On the other hand, my brain is deficient in some ways. It doesn’t have the correct balance of neurotransmitters (or has been adversely affected by trauma as I’ve lived my life or inherited from my parents). When it comes to bipolar disorder, I blame my brain. It’s glitchy, unpredictable, and guilty of making my life miserable at times.

So, I have cause to both love and hate my brain.

The thing is, I have no control over either of those perspectives. I didn’t make my brain smart and adaptable. I can’t take credit for that. I also didn’t make my brain misfire and become my biggest enemy. I can’t take the blame for that.

Much of what I am, my brain is responsible for. I am a moderately successful writer. That can be attributed to my brain as well. I’m creative, too, another quality that resides in my brain. But when I’m depressed, I lose the ability to write, and when I’m hypomanic, I lose the coherence I need to write well. It would be easy enough to say that I love my brain when it’s functioning well and hate it when it’s not. That’s not completely true, though. I’d have to say that my brain is my frenemy.

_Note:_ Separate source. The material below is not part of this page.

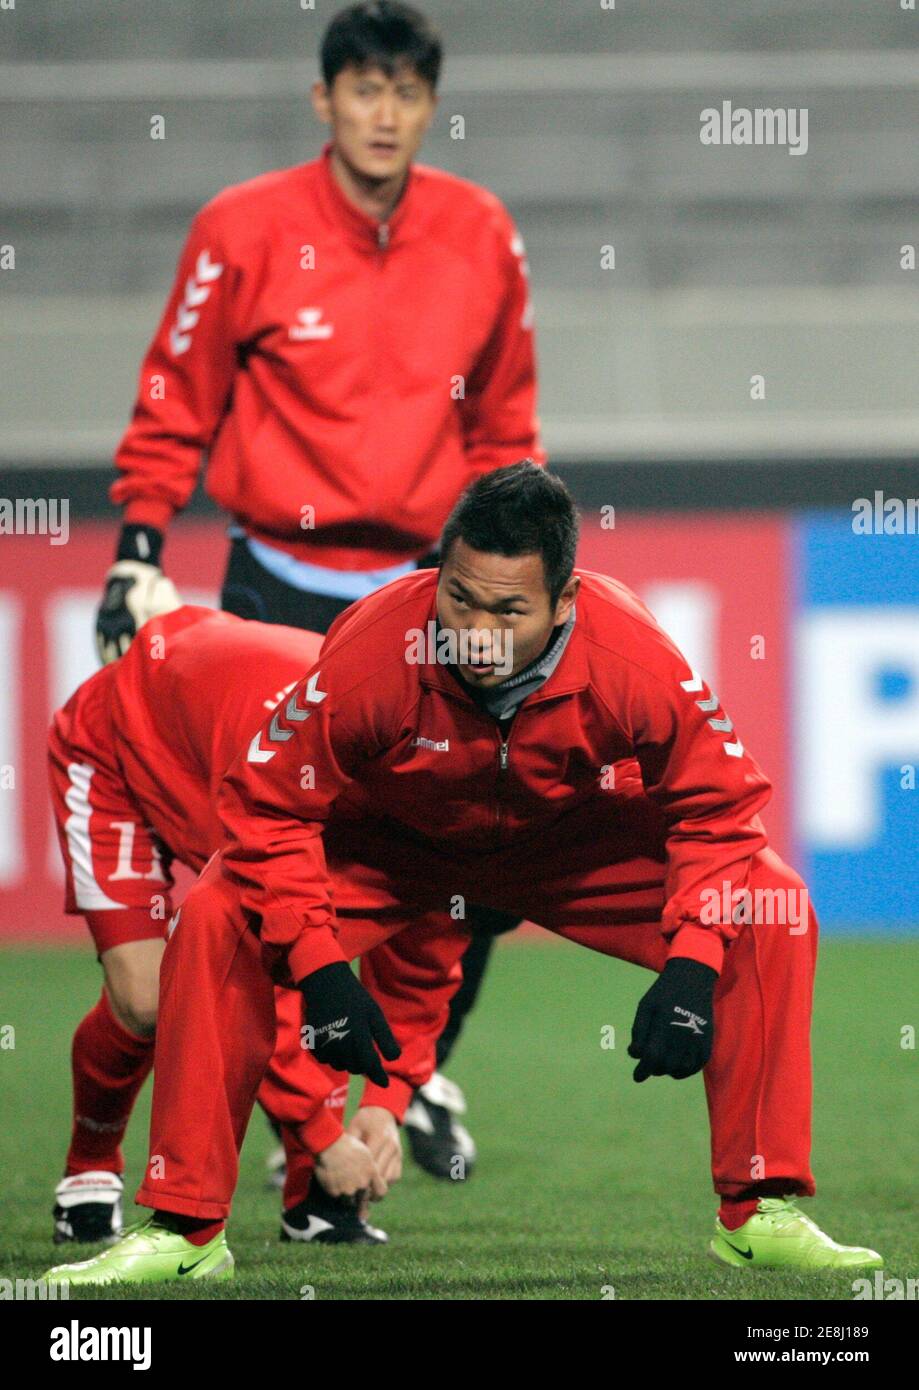 North Korean national soccer team striker Jong Tae-se (front) of Japan's club team Kawasaki Frontale warms up with his teammates during a training session for the 2010 FIFA World Cup Asia qualifying soccer match against South Korea at the Seoul World Cup Stadium March 31, 2009. While Pyongyang's planned rocket launch has put North Asia on edge and prompted the United States and Japan to deploy missile intercepting ships, the North Korean soccer team's arrival in Seoul for a World Cup qualifier has barely registered on the radar. The two Koreas will play the match on April 1, 2009.  REUTERS/Jo  Stock Photo

I am notoriously moody and difficult — hardly surprising since I have bipolar disorder. My intellect doesn’t go away when I’m depressed or hypomanic, but sometimes it goes into hibernation. It makes poorer decisions, it’s true. It’s led me astray many times, even to the edge of death. And I can’t always recognize when it does that. My brain is not the best gatekeeper of my behavior. But my brain does help me clean up the consequences when it does occur.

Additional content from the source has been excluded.